Reputation: 2252
i'm trying to get the main img from this url, here what i tried so far :
Document doc = null;
try {
doc = Jsoup.connect(url).get();
} catch (IOException e) {
e.printStackTrace();
}
Element table = doc.select("center").get(1);
Elements rows = table.select("table[width=970]");
for (int i = 0; i < rows.size(); i++) {
Element row = rows.get(1);
Elements cols = row.select("table[width=634]");
for (int j = 0; j < cols.size(); j++) {
Element row1 = rows.get(1);
Elements cols1 = row1.select("table[width=600]");
for (int k = 0; k < cols1.size(); k++){
Element row0 = rows.first();
Elements cols0 = row0.select("td");
for (Element image : cols0) {
String image2 = image.absUrl("src").toString();
Log.i("tanja7 ", "pic " + image2);
}
}
}
}
this is the unstructured html page (i don't know how to copy the html code)
What i'm doing wrong?
Upvotes: 0
Views: 85
Reputation: 11712
It seems that you are expecting the inner elements as result of a JSoup select method call.

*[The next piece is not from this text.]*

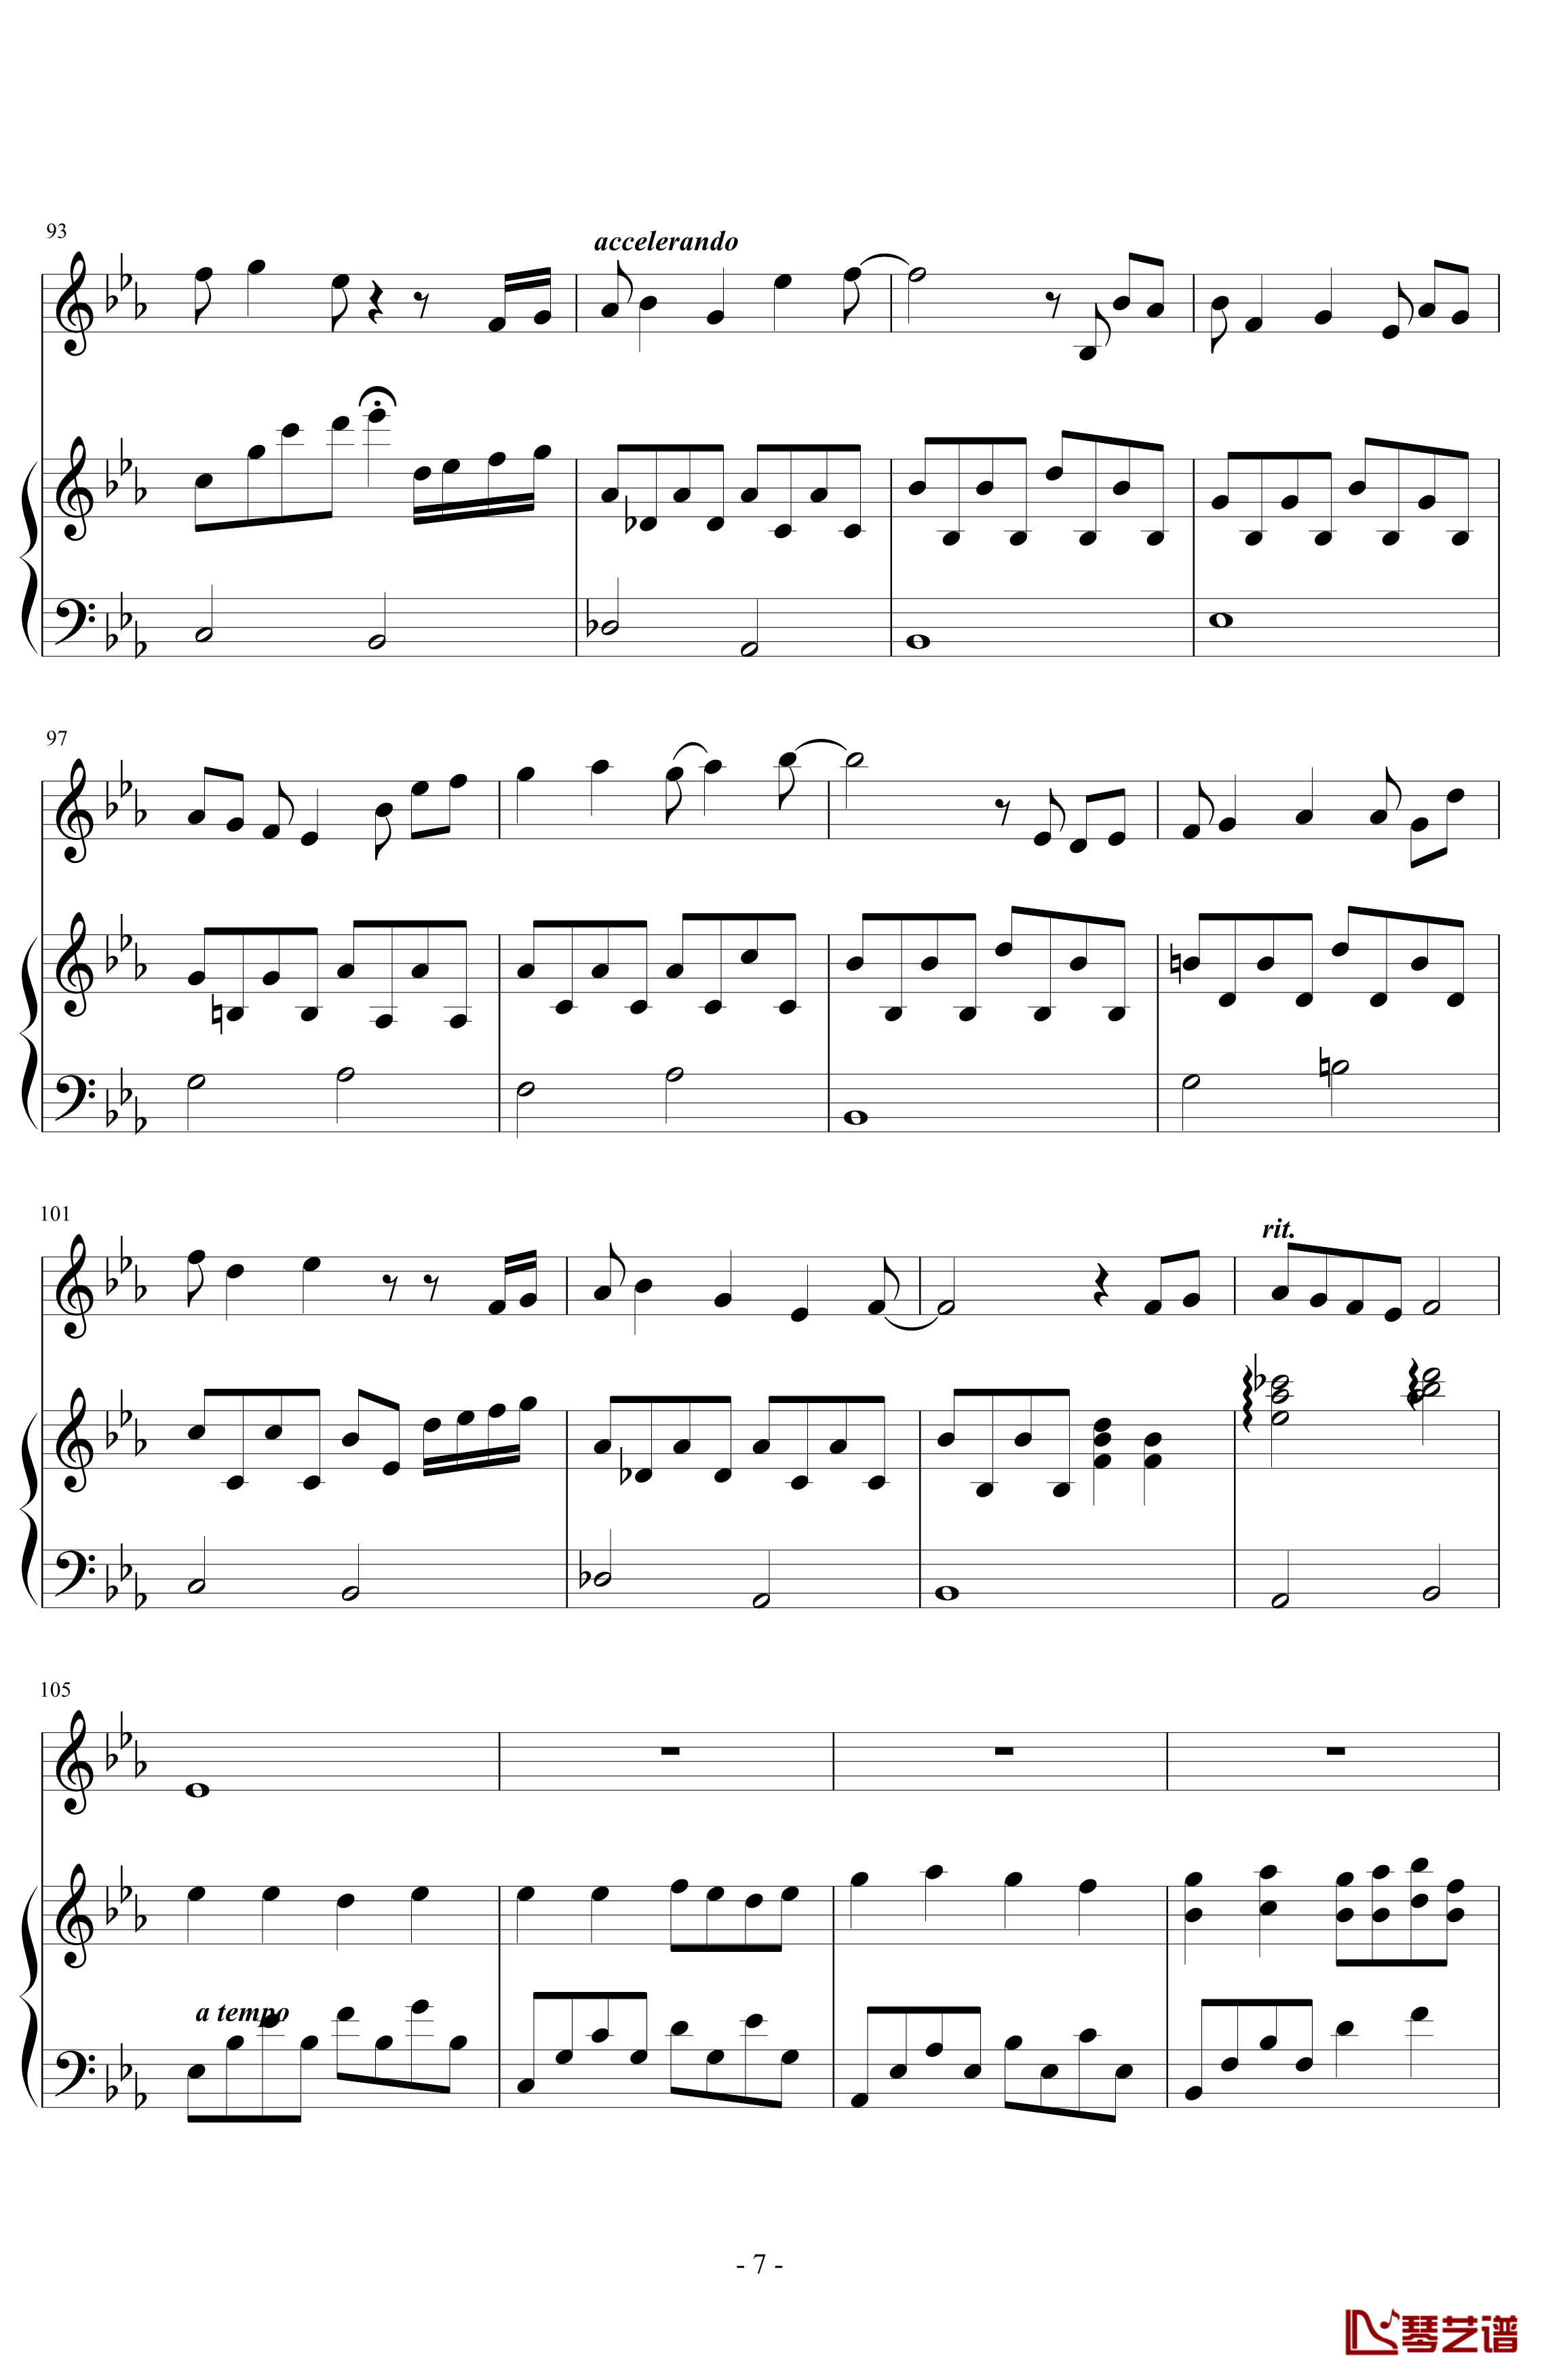 三年级二班钢琴谱-潇洒星空7

That is not right - you get the elements that match the selector within the "search scope", which is given by the Element(s)/document class instance from which you call select
. So, if you want to get all table elements of the document you do doc.select("table")
. This gives you not the rows, but the tables. Maybe you did understand this before, but your variable naming suggests otherwise.
Anyway, here is a selector that works. It will get all img elements that are (not necessarily direct) children of a table that has the attribute width=600
and is within another table of the document.
Elements imgEls = doc.select("table table[width=600] img");
System.out.println(imgEls.first().absUrl("src"));
You say the html is not structured, so you might want to check if the relevant images are really always inside two tables as specified.
update: if you are using a mobile device make sure to add:
doc = Jsoup.connect(url).userAgent("Mozilla").get();
Upvotes: 1